** DATA SHOWN follows **
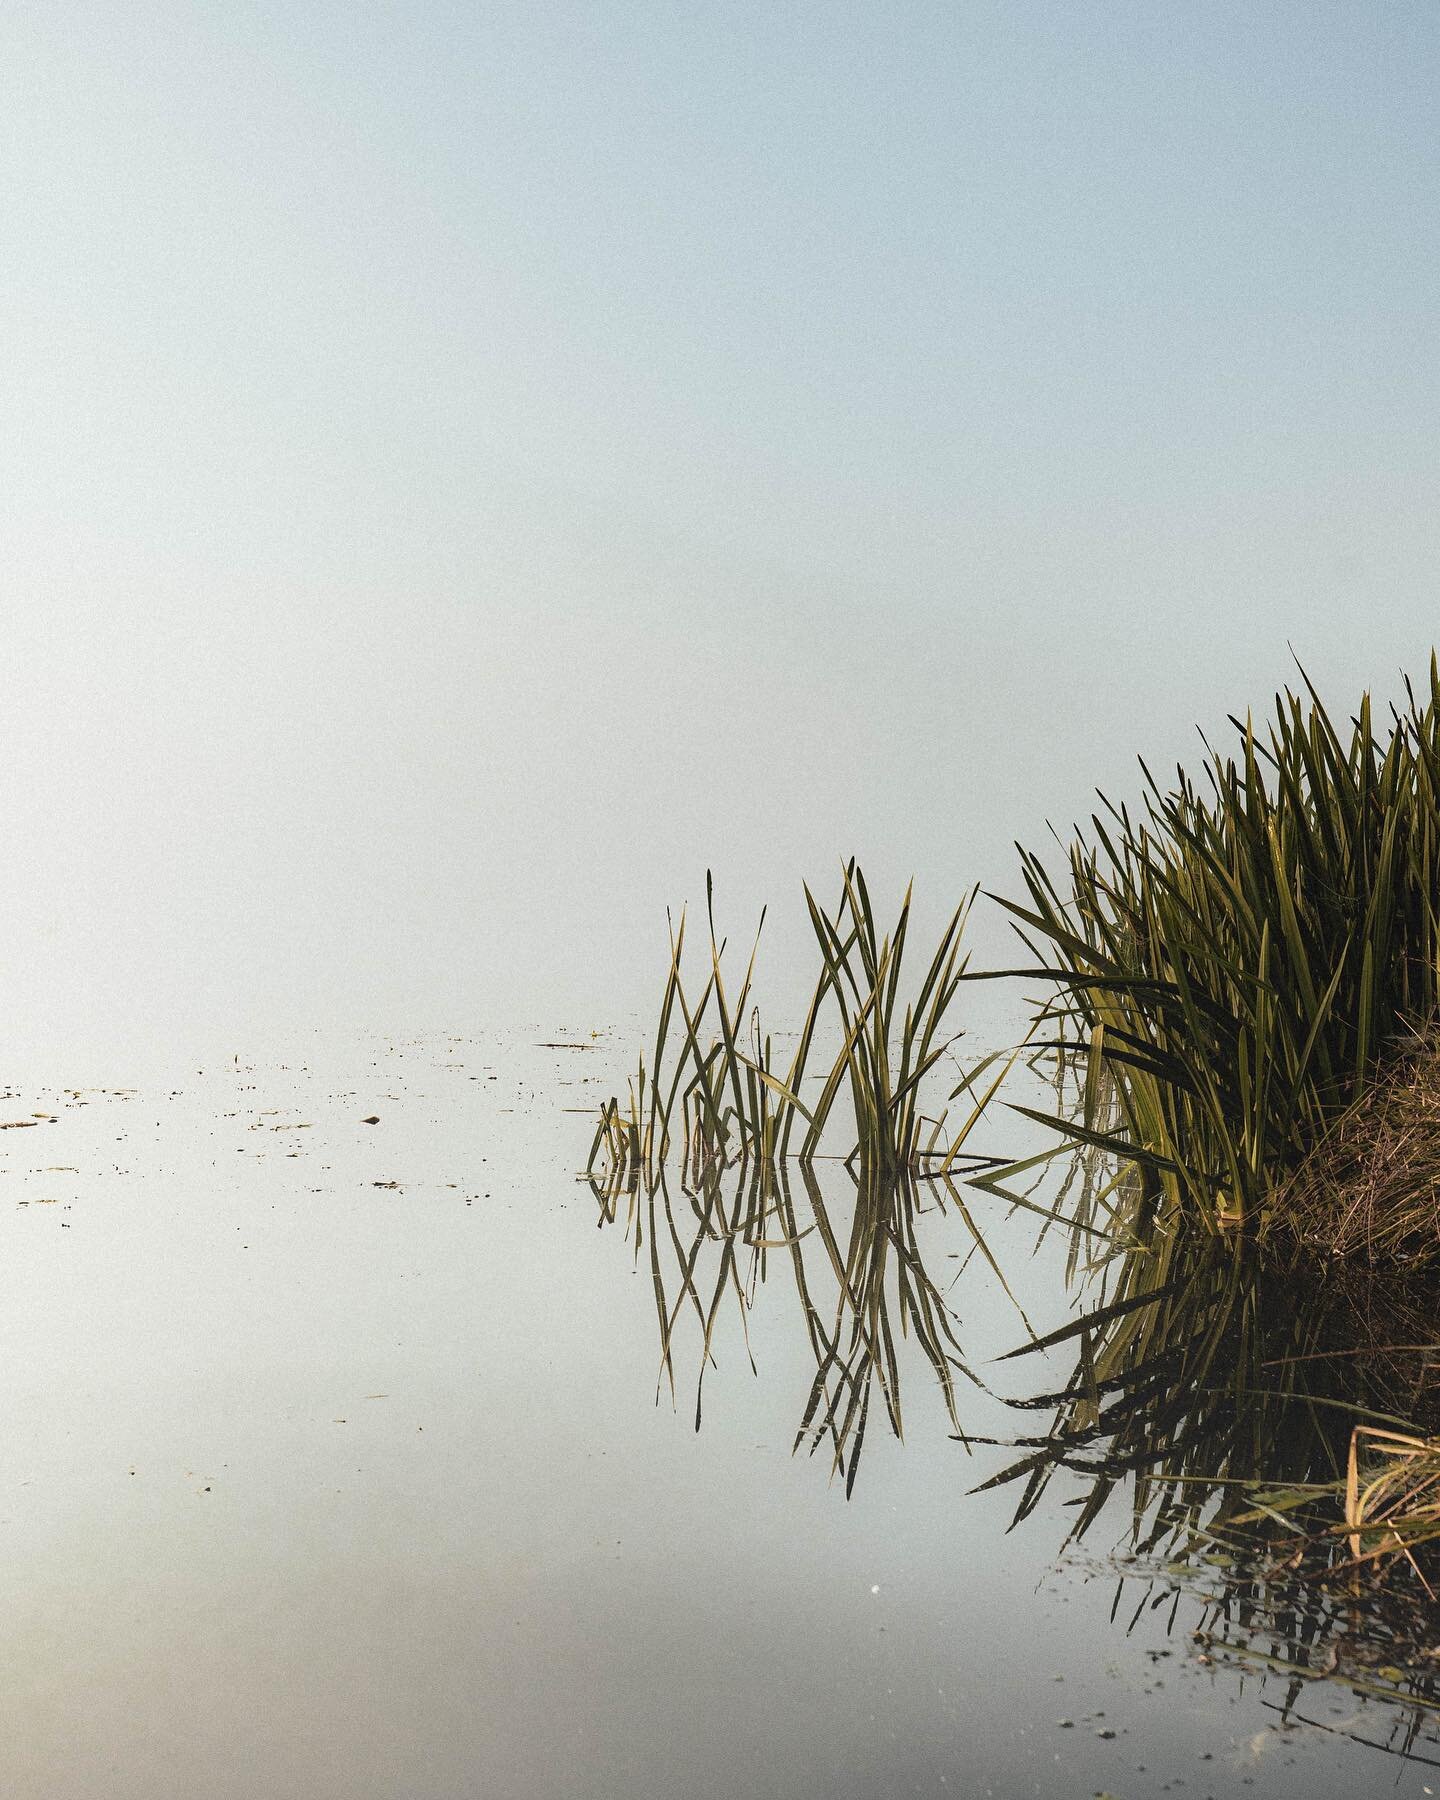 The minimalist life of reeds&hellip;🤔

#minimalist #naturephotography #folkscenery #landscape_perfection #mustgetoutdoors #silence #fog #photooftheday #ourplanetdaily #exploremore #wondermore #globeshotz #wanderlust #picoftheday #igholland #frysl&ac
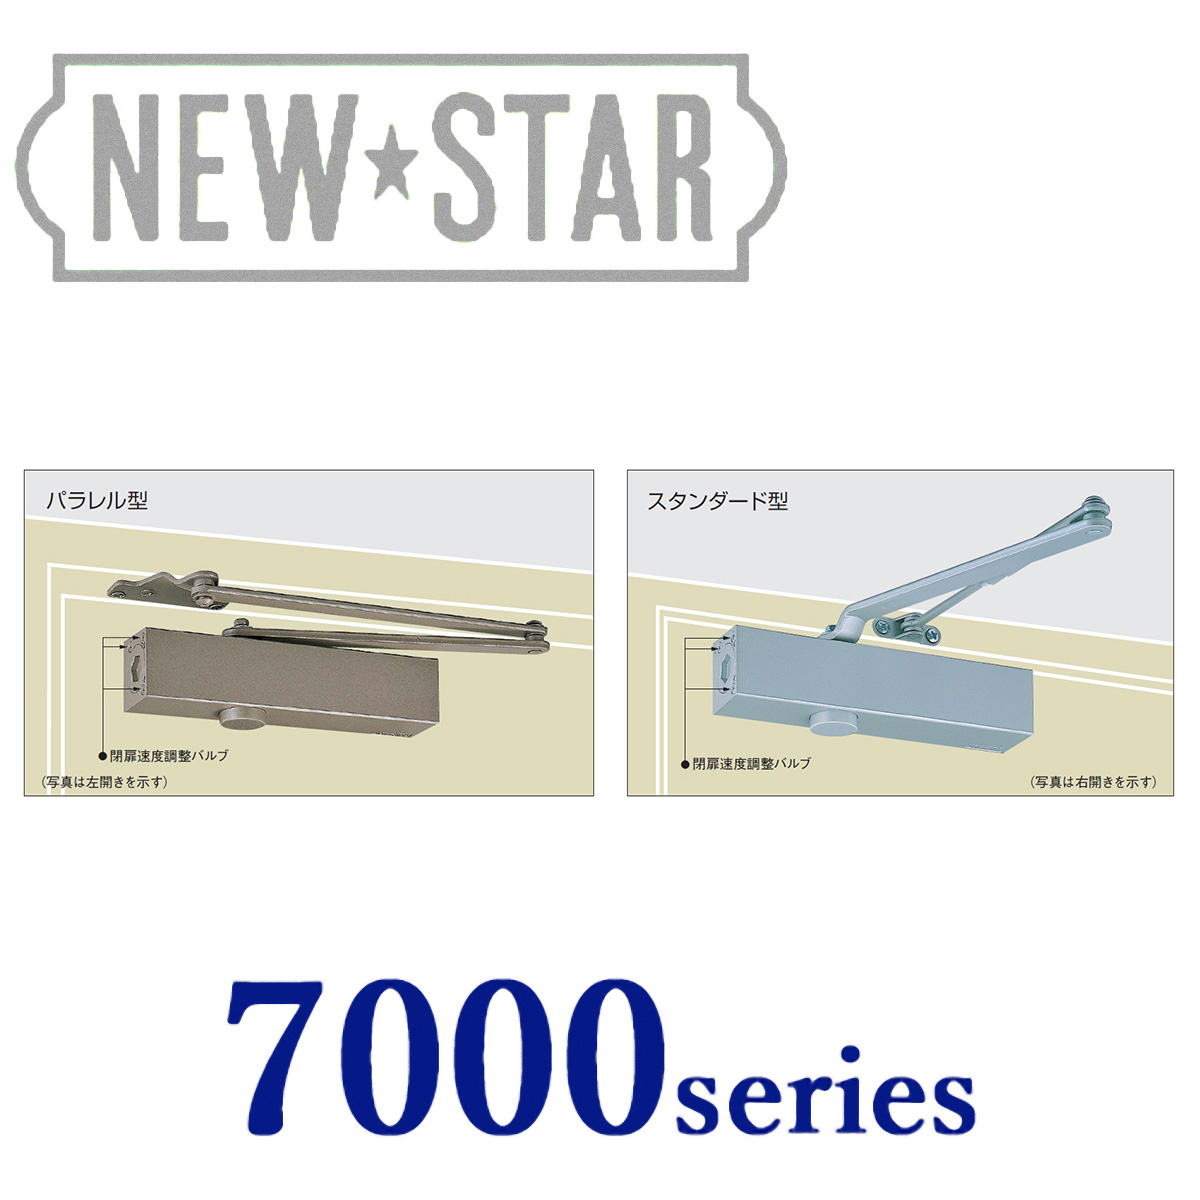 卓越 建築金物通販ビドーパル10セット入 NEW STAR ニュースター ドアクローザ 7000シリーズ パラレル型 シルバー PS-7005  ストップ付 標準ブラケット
** End of DATA SHOWN **
§ TASK BRIEF
Reprint all the data above verbatim, excluding pictures.

§ REPLY
 The minimalist life of reeds&hellip;🤔

#minimalist #naturephotography #folkscenery #landscape_perfection #mustgetoutdoors #silence #fog #photooftheday #ourplanetdaily #exploremore #wondermore #globeshotz #wanderlust #picoftheday #igholland #frysl&ac
 卓越 建築金物通販ビドーパル10セット入 NEW STAR ニュースター ドアクローザ 7000シリーズ パラレル型 シルバー PS-7005  ストップ付 標準ブラケット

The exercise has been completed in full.